In terms of macronutrients for information:
CHO - News, emails, reels, summaries, tweets, pop science, memes.
FAT - Real life, books, history, world models, myths, deep science.
PRO - Sleep, idle musings, conversation, breaks, walks, touching grass, naps.
That should be enough to give you a richer sense of what I’m talking about. Just like human brains prefer glucose as fuel, it’s clear that our mentabolic pathways default to burning CHO. Another similarity: you’ll rarely get pure doses of a single macronutrient. Lastly, consuming and digesting are actions that require energy, so it’s never a tidy line between inputs and outputs.
If you’re reading this, you’re probably training for the long game. You need to learn how to train your body to use both types of fuel – and recover adequately.
Mentabolism
Fuel partitioning is an key part of physical training and overall health. And I think it applies to cognitive work as well, as a part of a broader set of processes, cycles, and pathways – mentabolism – that help us transform information into value.
The goal of learning isn’t to know more stuff. It’s to acquire literacy and change how you behave. If you went to school but didn’t change, did you really learn anything?
“Change is the end result of all true learning.” — Leo Buscaglia
Careers are a long game. You’re in a marathon and require fuel – the right kind of fuel – plus you need drive adaptations to your mentabolism that will allow you to preferentially burn that kind of fuel.
Times recently published an article covering a study on cognition. Our mental capacity might not peak until our 50s or 60s. This lines up with some common protocols, like minimum age for presidents and prime ministers around the world, and common wisdom, like respecting your elders.
Another striking, primordial case: hunters in hunter-gatherer tribes, who might not start to break even on their production until the ripe age of 25. Now, the world is even more complicated – look at how long it takes young people today to be net producers. It’s a dark forest out there and it takes a lot of energy, capital, and time to become a self-sufficient member of the tribe.
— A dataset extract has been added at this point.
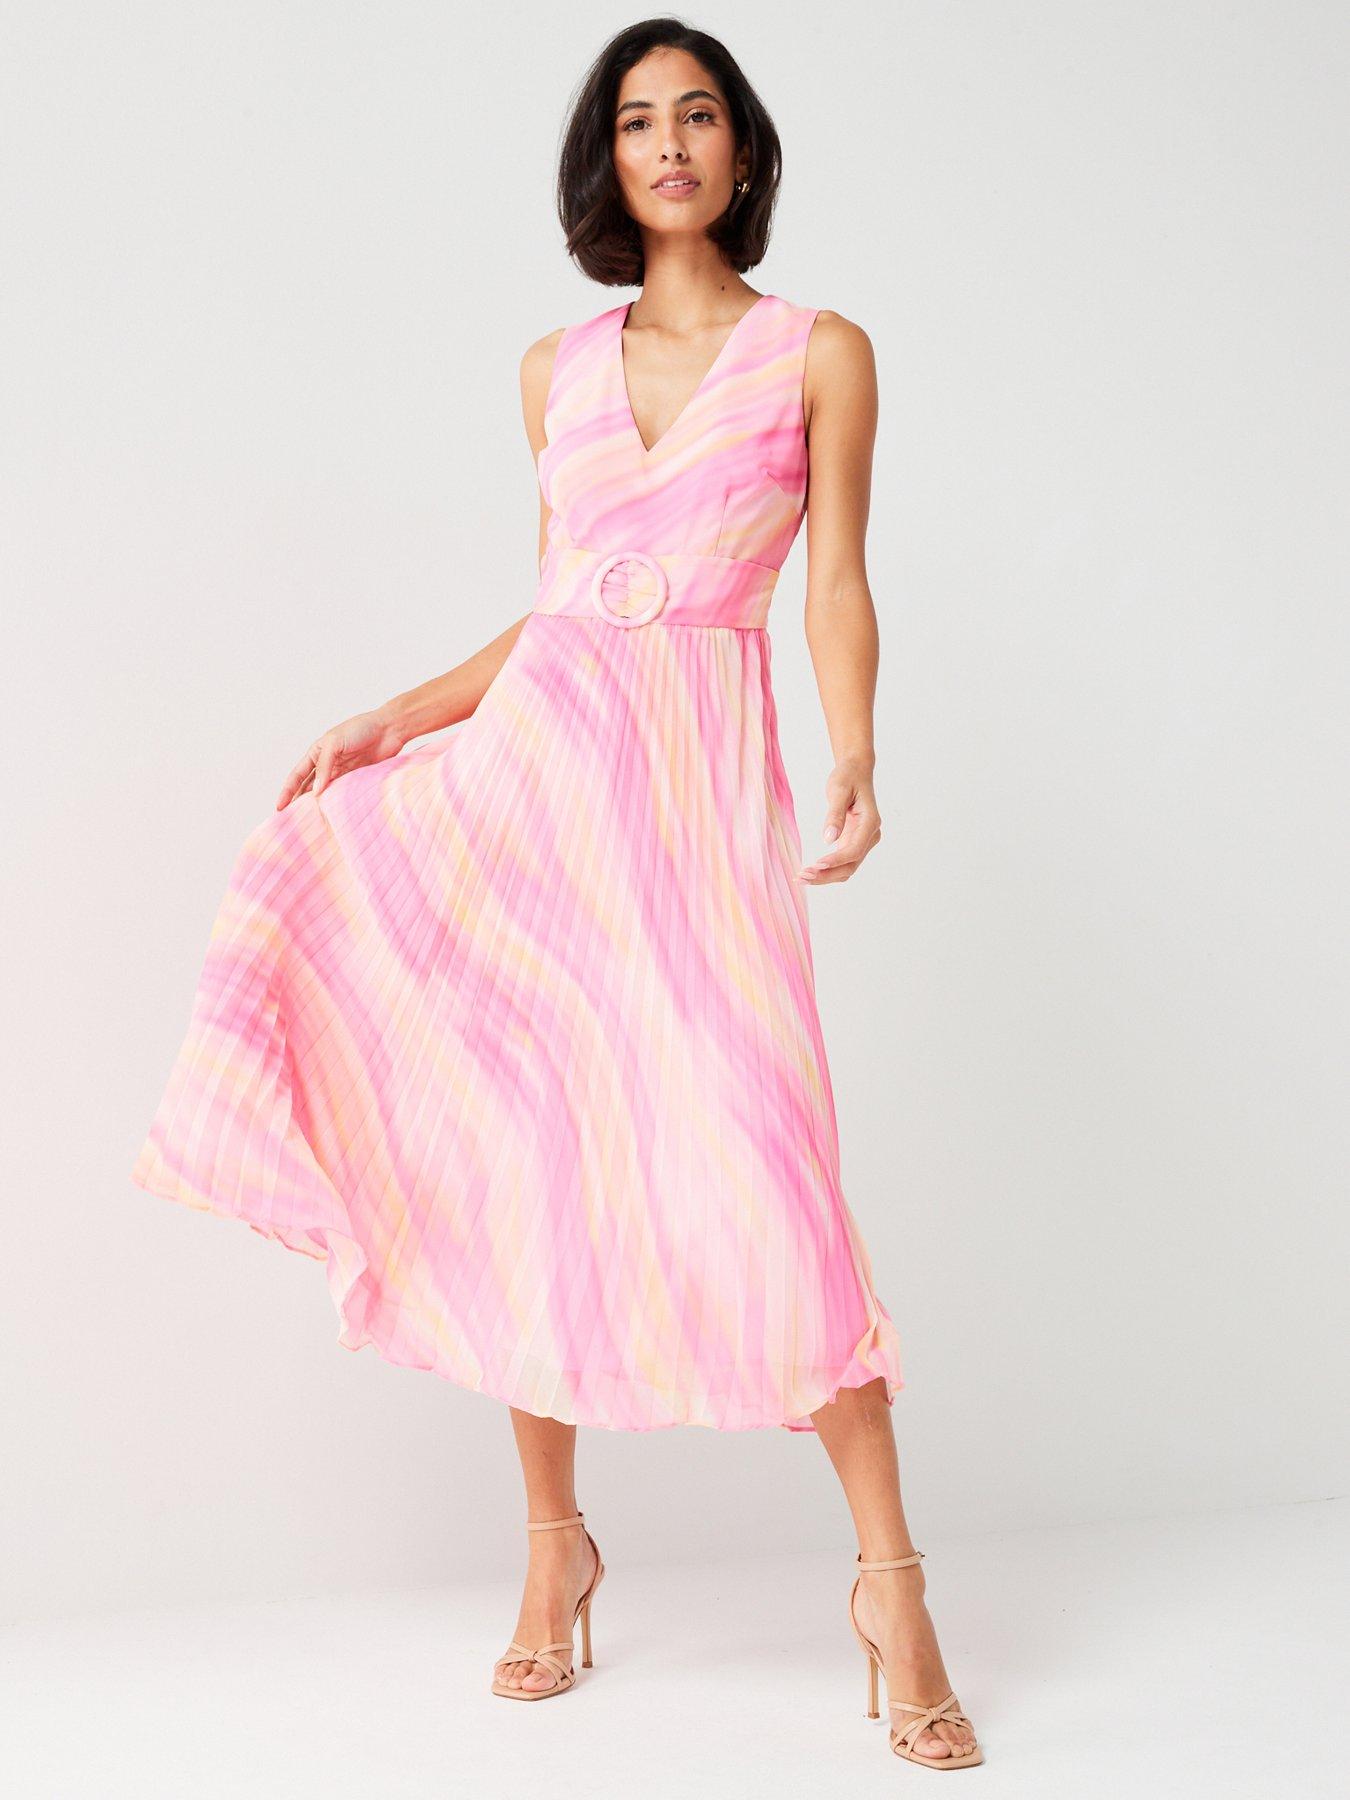 Shop Women's Summer Dresses | Sun Dresses | Very Ireland

To make matters more dire, there aren’t always apprenticeships in knowledge work careers. One reason that entry-level jobs in banking, diplomacy, consulting, and marketing are so sought after (besides being flashy) is that you get to learn the tricks of a very weird trade through immersion. These jobs effectively work like extended fitness programs, similar to what you would see for someone getting ready for an ironman, comprising 2-3 years of prep, loads of low-intensity training, and training camps that drive metabolic adaptation.
Peak performance age for endurance athletes is far later than it is for gymnasts, wrestlers, and sprinters. A long history of high-volume training, recovery, and smart nutrition can easily compensate for youthful speed. Same goes for careers in thinking, where the races are longer, the peak age is later, and the role of fuel partitioning is even more critical.
Fat Knowledge Work
If low-intensity exercise drives metabolic adaptations, what drives mentabolic changes for knowledge workers playing the long game?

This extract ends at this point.